- Opening Delimiter -

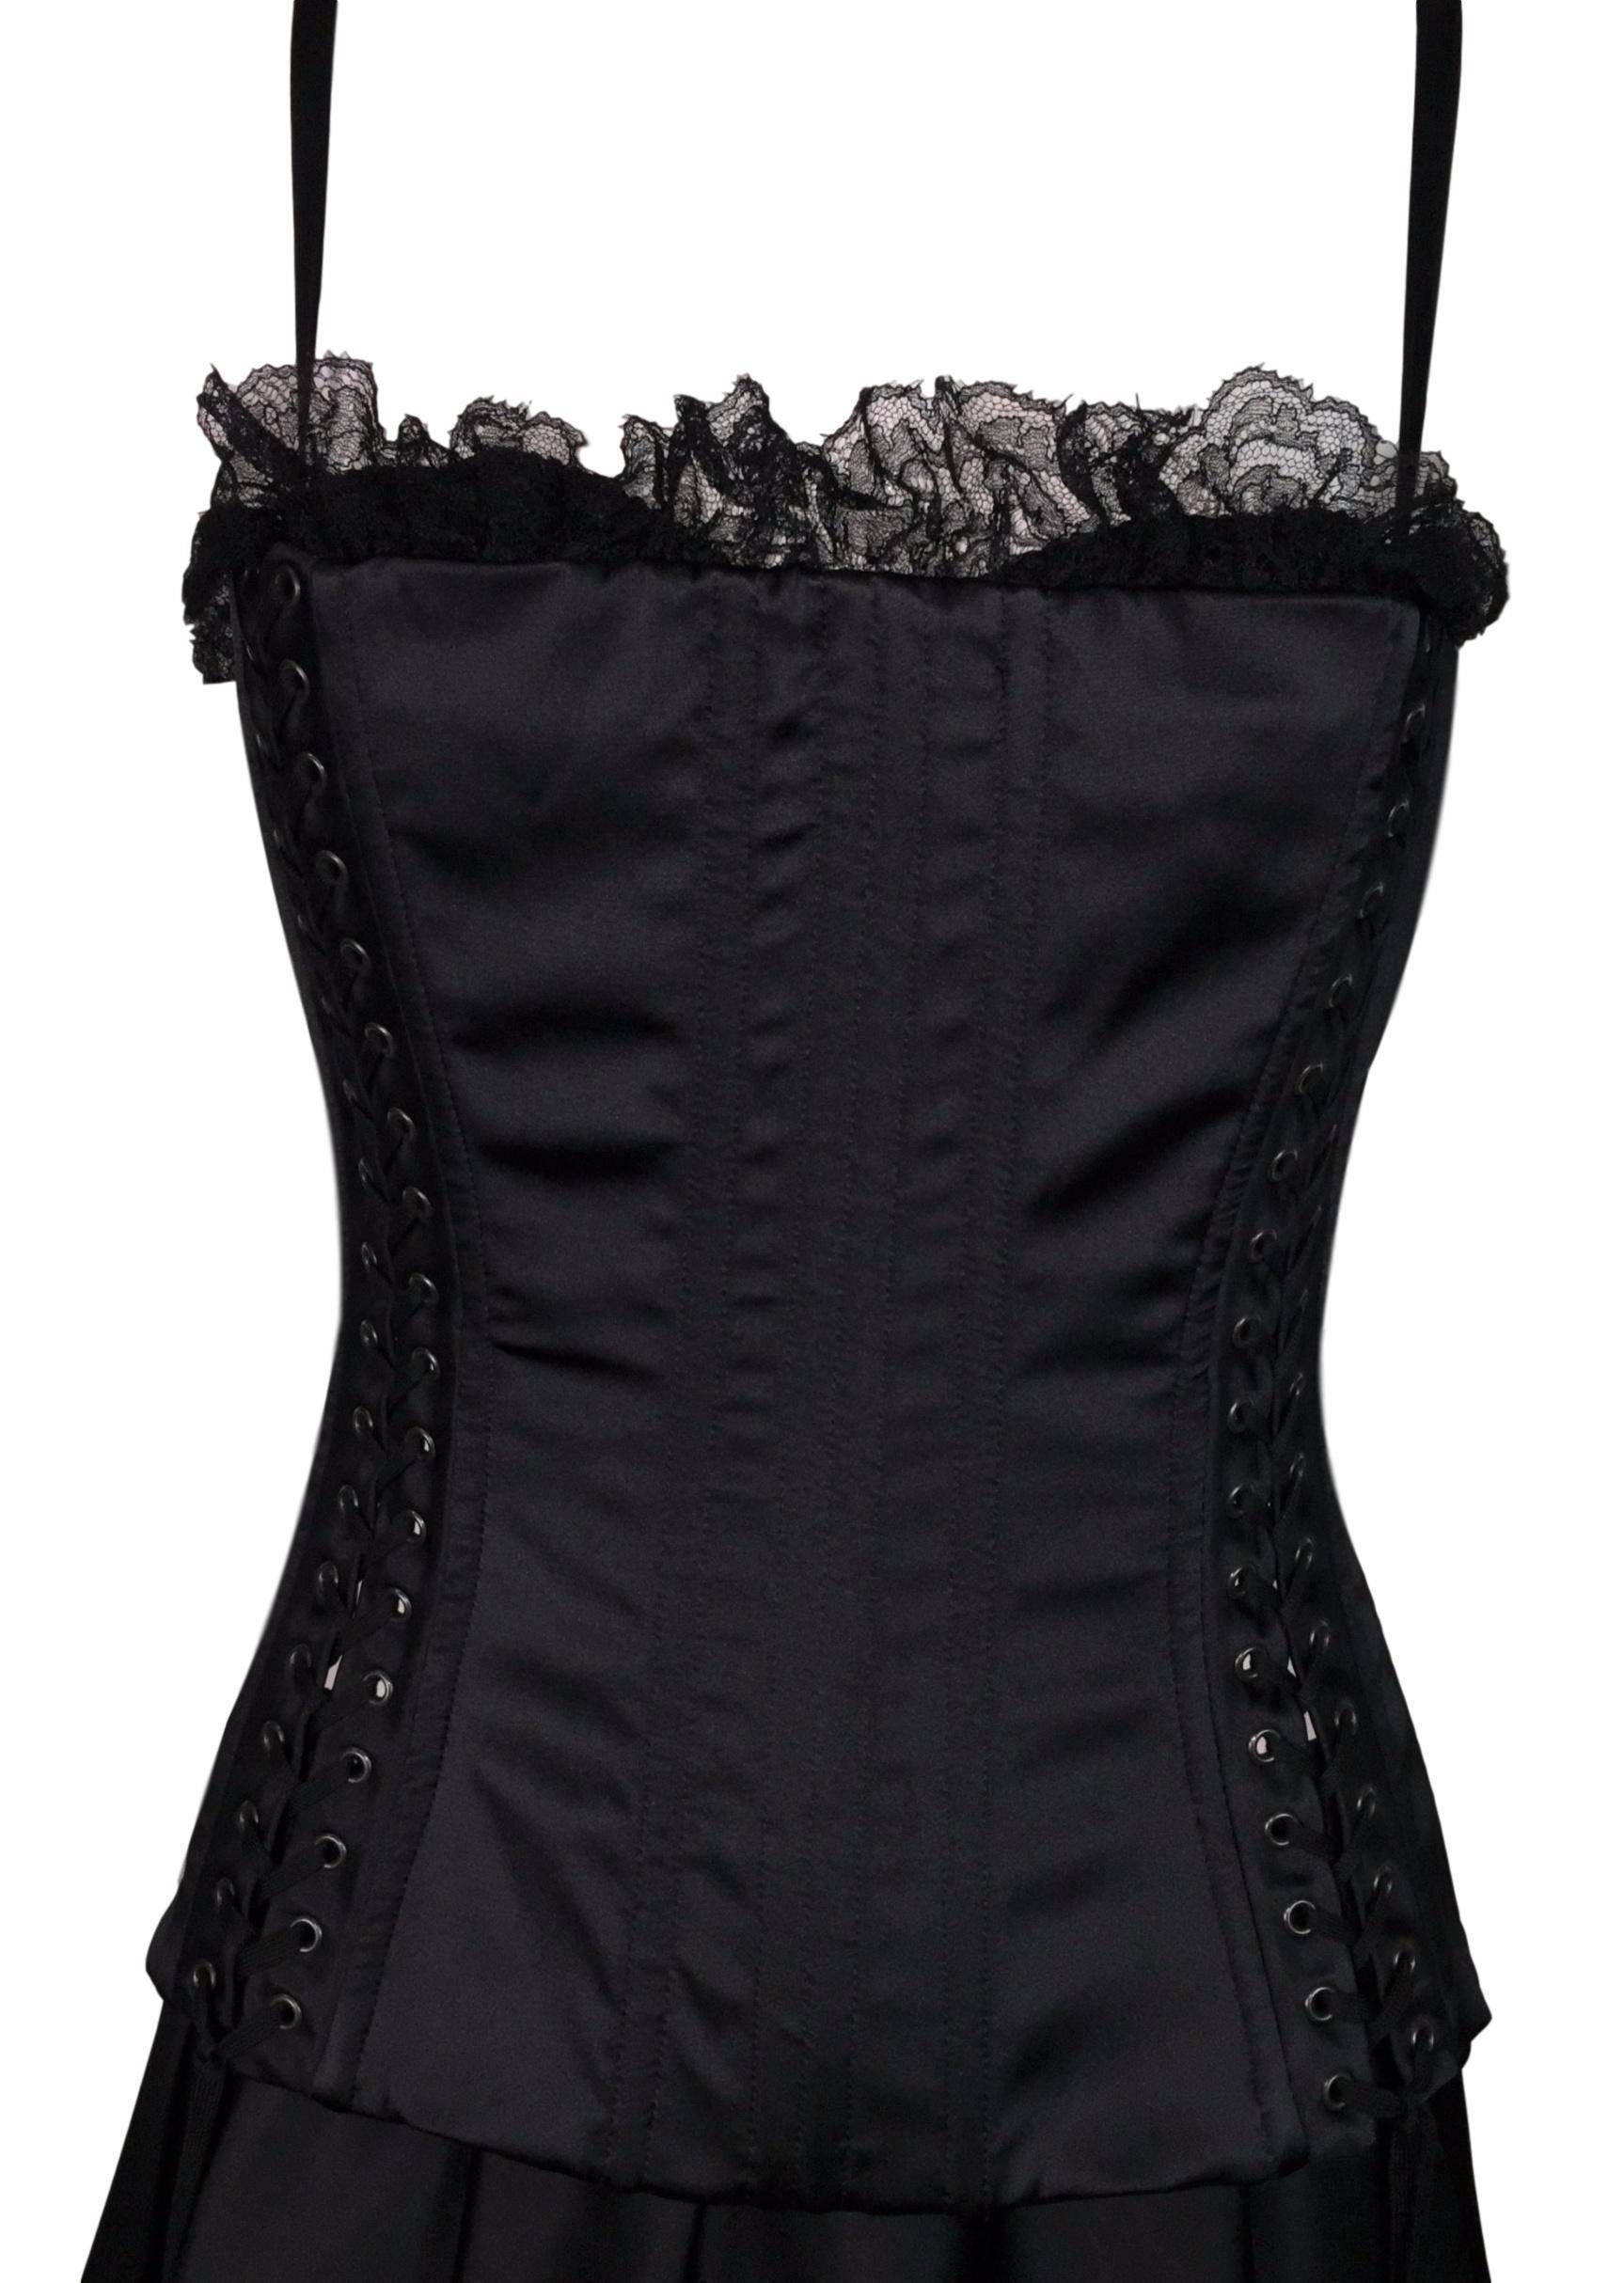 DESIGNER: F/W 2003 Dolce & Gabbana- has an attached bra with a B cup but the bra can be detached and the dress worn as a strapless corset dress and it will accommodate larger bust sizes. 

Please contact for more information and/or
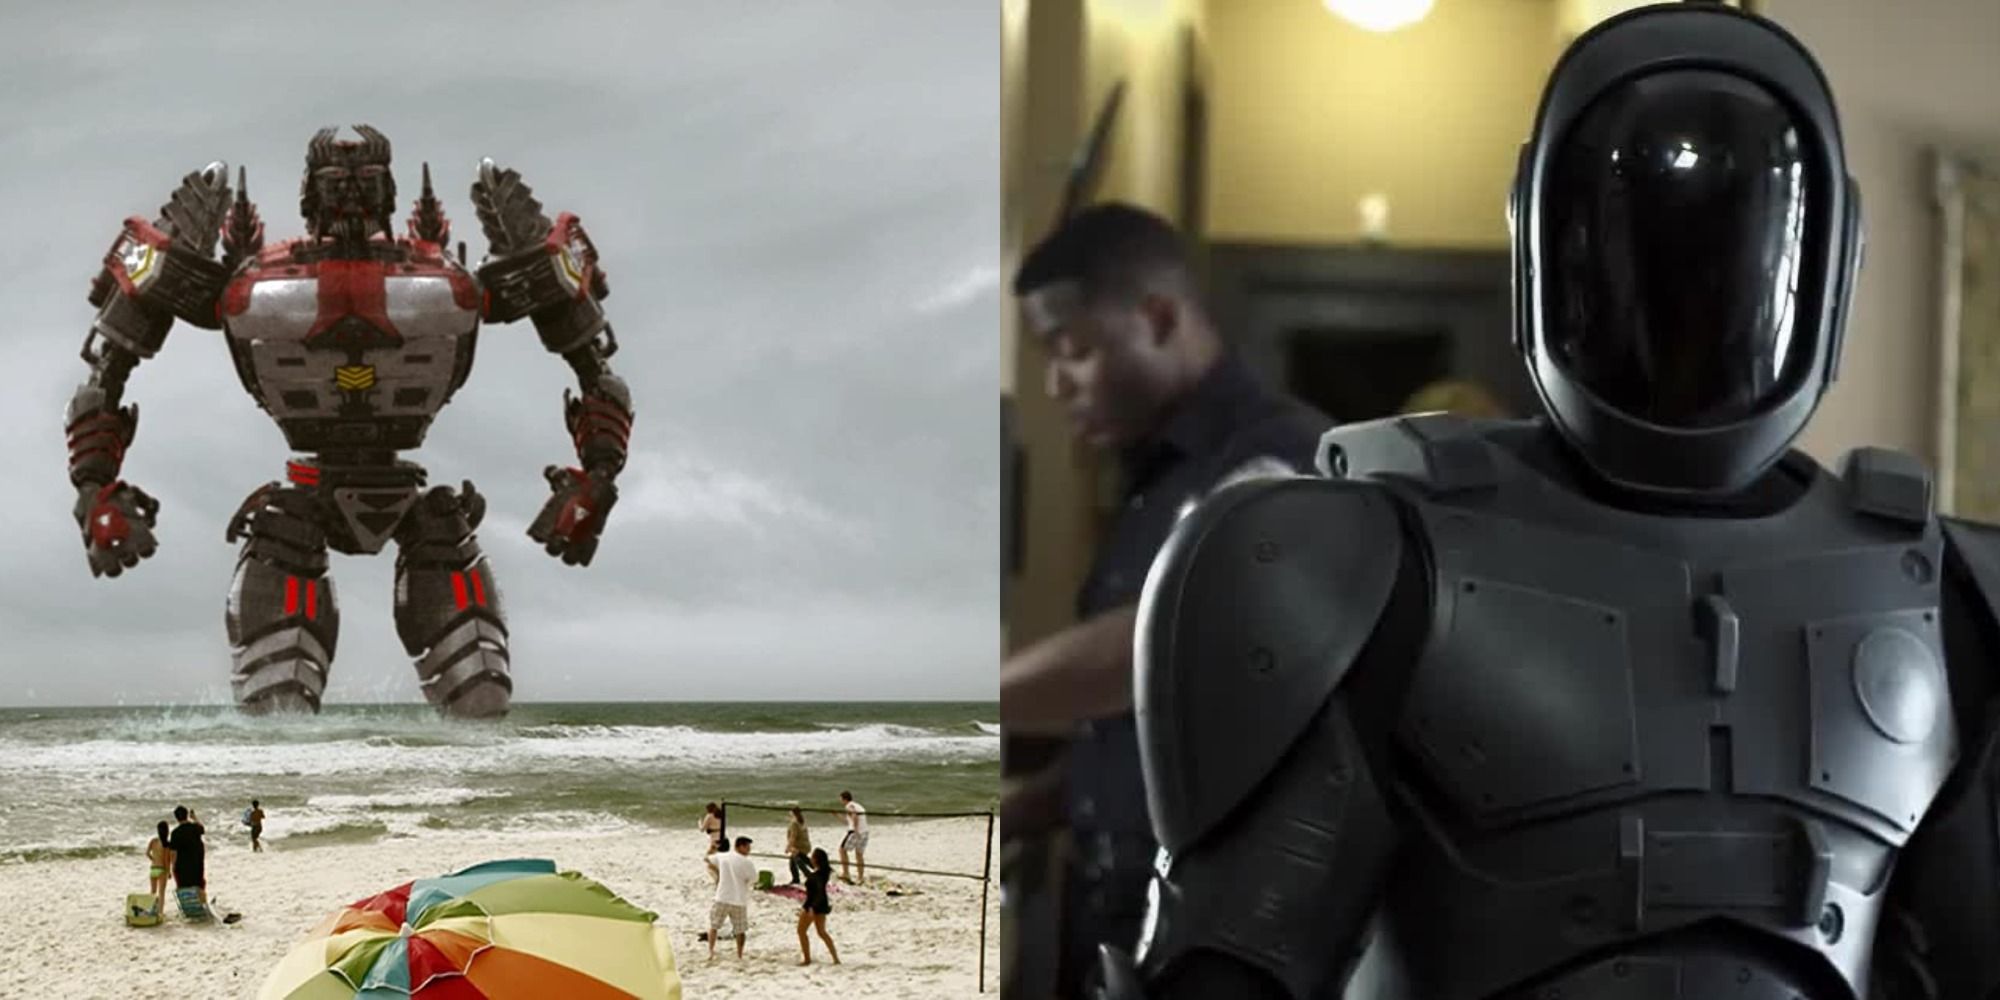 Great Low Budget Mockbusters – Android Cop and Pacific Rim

- Closing Delimiter -

#### [Requirement]
Only the pictures should be left out; the rest of the material above must be repeated exactly.

#### [Task output]
 DESIGNER: F/W 2003 Dolce & Gabbana- has an attached bra with a B cup but the bra can be detached and the dress worn as a strapless corset dress and it will accommodate larger bust sizes. 

Please contact for more information and/or
 Great Low Budget Mockbusters – Android Cop and Pacific Rim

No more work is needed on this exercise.